Mr Justice Wall said that in approximately 30 lectures Choudary had encouraged members of the “Islamic Thinkers Society” into confrontational street preaching and acts of violence.
“You thinly disguised these exhortations as lessons in Islamic theology,” said the judge, adding that Choudary knew members of the organisation would carry out acts of violence, whether or not he was personally involved.
“Organisations such as yours normalise violence in pursuit of an ideological cause,” said the judge. “They drive wedges between people who would otherwise live together in peaceful co-existence. Your behaviour was of the highest culpability.”
Earlier in the hearing, Paul Hynes KC, for Choudary, argued that whatever the jury’s verdict, Al Muhajiroun was nothing like Al Qaeda or Islamic State.
“We are left with dense theological lectures which are not particularly accessible,” he said. “We do not see that the court is in a position… to conclude that Mr Choudary was gathering the masses. It was a failed organisation.”
But Commander Dominic Murphy, the head of Scotland Yard’s Counter-Terrorism Command, said: “For over 30 years Anjem Choudary has been a pretty constant presence in counter-terrorism.

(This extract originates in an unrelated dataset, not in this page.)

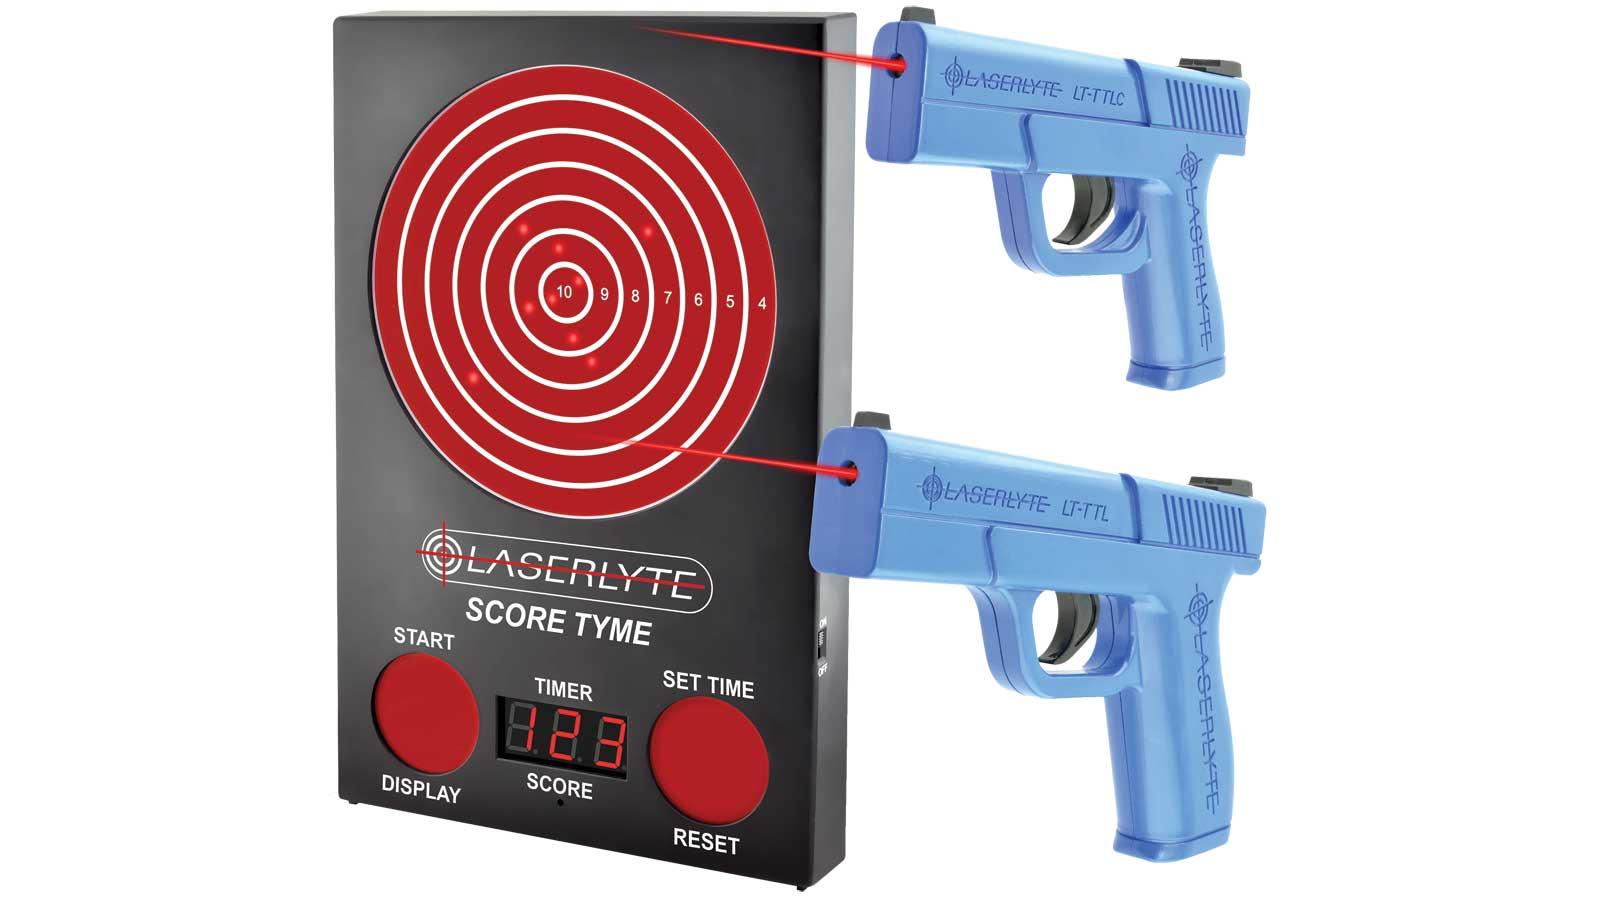 LaserLyte Scoretyme Versus Kit: Scoretymet Target, 2 Pistols, SC

“His influence as a radicaliser is well known but the reality of that impact around the world is that there are individuals who have conducted terrorist attacks or travelled for terrorist purposes as a result of Anjem Choudary’s radicalising effect on them.”
The state’s case against Choudary centres around the people he is linked to.
Authorities say that members of Al Muhajiroon have been linked to at least 21 different terrorist plots and senior members travelled to Syria, where Siddhartha Dhar and Reza Haque joined an ISIS execution squad.
They says that Choudary himself was an associate of Woolwich killer Michael Adebolajo, London Bridge terrorist Khuram Butt, and Fishmongers’ Hall attacker Usman Khan.
He celebrated the 9/11 attacks as a “towering day in history” and Omar Bakri Muhammad, the group’s leader, labelled the 7/7 attackers the “fantastic four” before he fled the UK in August 2005, claiming he had shut down the organisation nine months earlier.
When Bakri was jailed in Lebanon in May 2014, Choudary took over as leader but was arrested and jailed himself four months later, for encouraging support for ISIS.
His licence conditions expired in July 2021 and he began trying to rebuild the organisation, delivering over 40 lectures in one year to audiences of up to 150 across the world and communicating directly with recruits as young as 14 on WhatsApp and Telegram.